Quantify and Examined of video distribution sites for appreciative links

Devaki Sravani, Anantha Rao .G

Abstract


Videos are an integral part of current information technologies and the snare. The demand for efficient retrieval rises with the increasing number of videos, which is equally true for video annotation techniques as matadata is the primary source of most retrieval systems. - Recently, many video distribution sites provide external links so that their video or audio contents can be embedded into external snare sites. Online social networks (OSNs) have become popular desti- nations for connecting friends and distribution information. Recent statistics suggest that OSN users regularly share con-tents from video sites, and a significant amount of requests of the video sites are indeed from them nowadays. These behaviors have substantially changed the workload of on line video services.In this paper, we provide a comprehensive quantify study and examined source on these external links to answer these two questions. With the traces together from two major video distribution sites, YouTube and Youku of China, we show that the external links have various impacts on the popularity of the video distribution sites.  The social video proposed system provides information that is directed and personalized for the user overriding the content rather than the point of view of the user posting the content. The tradeoff in our case being that users have to sacrifice privacy and have to trust the recommendation system provider with their private data.


References


R. Zhou, S. Khemmarat, and L. Gao, “The impact of youtube recommendation system on video views,” inProc. of IMC 2010, Melbourne, November 1-3 2010.

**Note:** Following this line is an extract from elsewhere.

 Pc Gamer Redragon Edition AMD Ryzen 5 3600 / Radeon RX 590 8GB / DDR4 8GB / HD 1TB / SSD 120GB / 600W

M. Cha, H. Kwak, P. Rodriguez, Y.-Y. Ahn, andS. Moon, “I tube, you tube, everybody tubes:analyzing the world’s largest user generated contentvideo system,” in Proc. of ACM IMC, San Diego,California, USA, October 24-26 2007, pp. 1–14.

R. Crane and D. Sornette, “Viral, quality, and junk videos on YouTube: Separating content from noise in an information-rich environment,” in Proc. of AAAI symposium on Social Information Processing, Menlo Park, California, CA, March 26-28 2008.

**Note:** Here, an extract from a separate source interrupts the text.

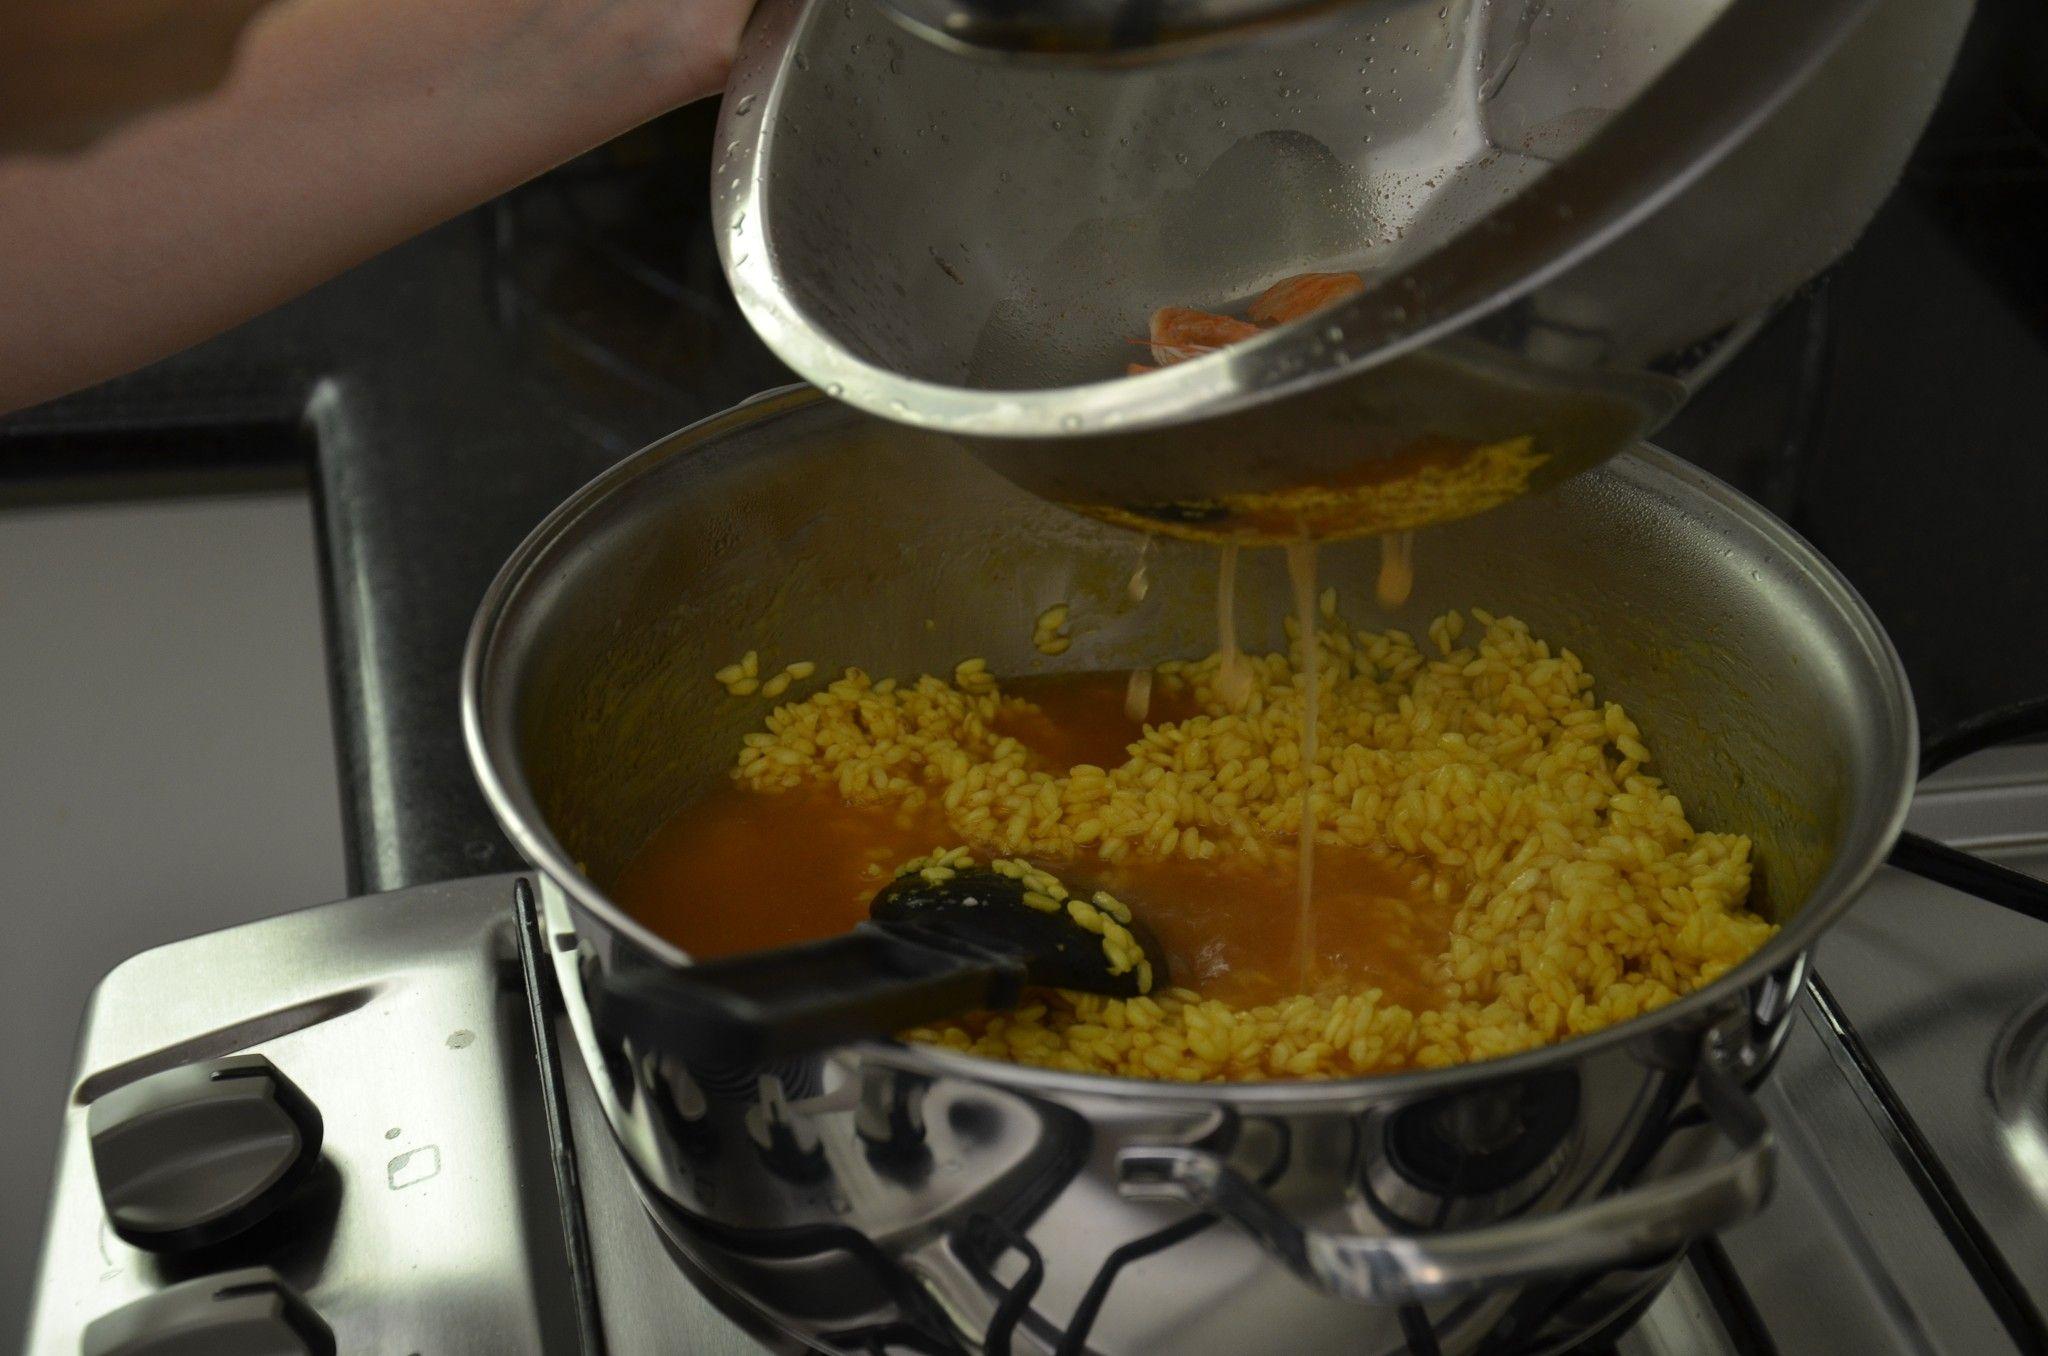 Acrescentando o caldo feito a partir das cascas do camarão.

P. Gill, M. Arlitt, Z. Li, and A. Mahanti, “YouTube traffic characterization: A view from the edge,” in Proc. of ACM IMC, 2007.

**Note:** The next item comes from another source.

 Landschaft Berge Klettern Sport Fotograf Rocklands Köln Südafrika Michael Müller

A. Fuxman, P. Tsaparas, K. Achan, and R. Agrawal, “Using the Wisdom of the Crowds for Keyword Generation", In Proc. ACM WWW’08, Beijing, China,April 21 - 25, 2008.

S. Goel, R. Muhamad, and D. Watts, “Social Search in “Small-World”Experiments”, In Proc. ACM WWW’09, Madrid, Spain, April 20 - 24, 2009.

P. , M. Arlittz, Z. Li, and A. Mahanti, “YouTube Traffic Characterization: AView From the Edge”, In Proc. ACM IMC’07, San Diego, California, USA,

October 24-26, 2007.

J. Kunegis, A. Lommatzsch, and C. Bauckhage, “The Slashdot Zoo: Mining aSocial Network with Negative Edges”, In Proc. ACM WWW’09, Madrid, Spain,April 20-24, 2009.

K. Lai and D. Wang “A Measurement Study of External Links of YouTube”, In

Proc. IEEE Globecom’09, Hawaii, USA, November 30 - December 4th, 2009.

K. Lai and D. Wang “The Implication of External links on Video Sharing Sites: Measurement and Analysis”, Technical Report, Department of Computing, TheHong Kong Polytechnic University, Jan, 2010.

Haitao Li, Haiyang Wang, Jiangchuan Liu Video Sharing in Online Social Networks:Measurement and Analysis 2013.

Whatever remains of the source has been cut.